Teacher-To-Teacher Time
For the past three years, teachers have met for an hour each morning without kids. Some days, they work with colleagues teaching the same grade to plan field trips or interdisciplinary projects on topics like slavery. Other days, they learn how to use iPads and Apple TVs. Teachers also comb through student data, help each other plan lessons and analyze how those lessons went.
Rhone said the extra time has helped her grow from a struggling teacher who risked getting fired to a mentor teacher with leadership roles in the school. Though the day is shorter, instruction is more efficient, said sixth-grade teacher Tavares Bussey. “The kids are getting more out of it.”
The past two years, Brennan-Rogers has posted the highest gains in the district on state standardized tests. Student behavior has calmed down. Based on lessons from Brennan-Rogers, New Haven has shifted its focus to adding time for teachers instead of for kids.
“We’ve focused on making the time that we have already with kids more useful, more powerful,” Superintendent Garth Harries said. The latest teachers’ contract requires all schools to add 15 minutes a day for teacher collaboration time.
The Brennan-Rogers case reflects challenges faced by schools nationwide that are part of the federal turnaround grant program, said Jennifer Davis, president of the National Center on Time and Learning, which advocates for extended learning time. Federal authorities require those schools to add instructional time, but they often rush into the changes without enough advance planning, and they don’t add enough time for teacher collaboration and training.

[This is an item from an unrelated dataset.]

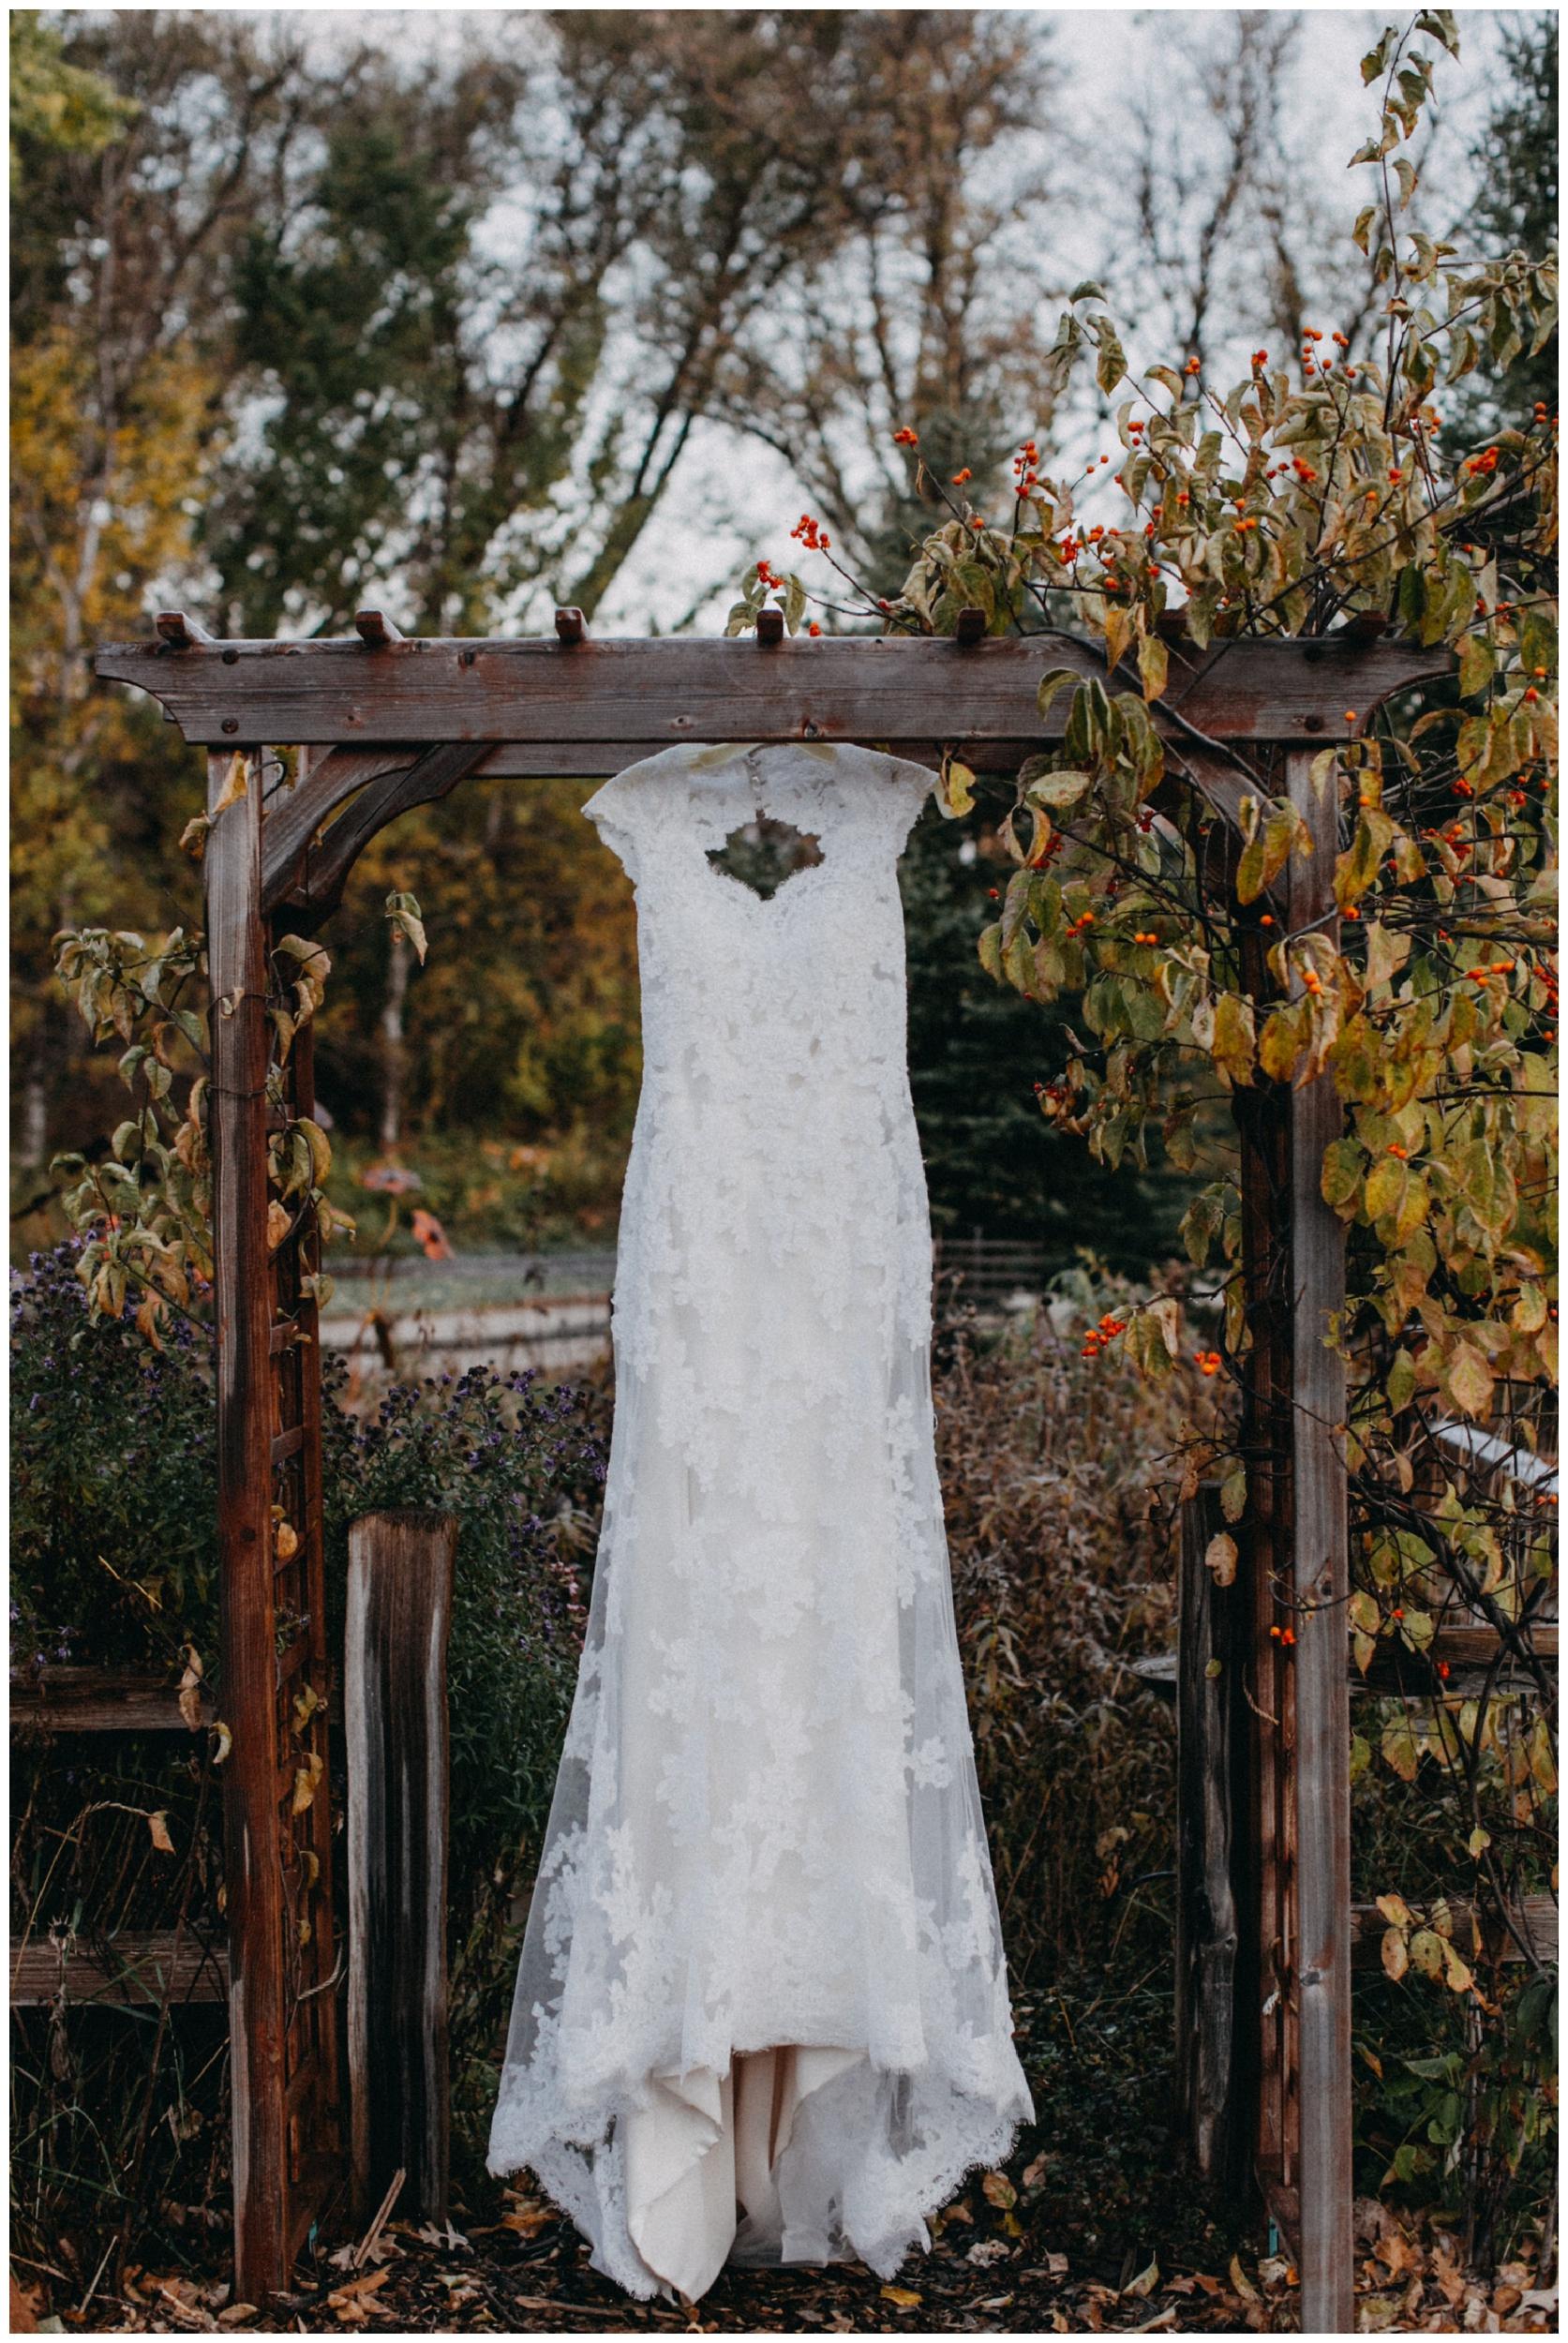 Romantic vintage wedding dress hanging outside the Northland Arboretum

Schools can overcome those challenges by taking a full year to plan their schedules thoughtfully, Davis argued. She contends that schools don’t need to abandon extra student time to create more time for teachers.
“It’s a shame that a district school that had moved in this direction is going backwards,” Davis said of Brennan-Rogers. A recent report by her organization found that expanded-time schools are most successful in boosting student achievement when students and teachers both get more time to learn.
Gail DeBlasio, who replaced Principal Lott last fall, said after spending three years focusing on helping teachers improve instruction, the school is now ready to introduce a modest increase to the length of the student day. In September, Brennan-Rogers plans to add 15 minutes a day for students. Still, the focus won’t be on more academics. Instead, there will be a 30-minute morning meeting for kids to work on communication skills and conflict resolution.
DeBlasio said the city’s academic requirements are so stringent that her staff doesn’t have time to teach the interpersonal skills that students “urgently need.” In the housing projects behind the school, a student’s 21-year-old brother was shot dead last October. Many other students are exposed to gun violence where they live. Students need a space to process trauma and learn to de-escalate conflict in their own lives, she argued.
“It’s going to be difficult to concentrate in class” while dealing with trauma and unresolved conflict, DeBlasio said. “We’re hoping this will have a significant impact.”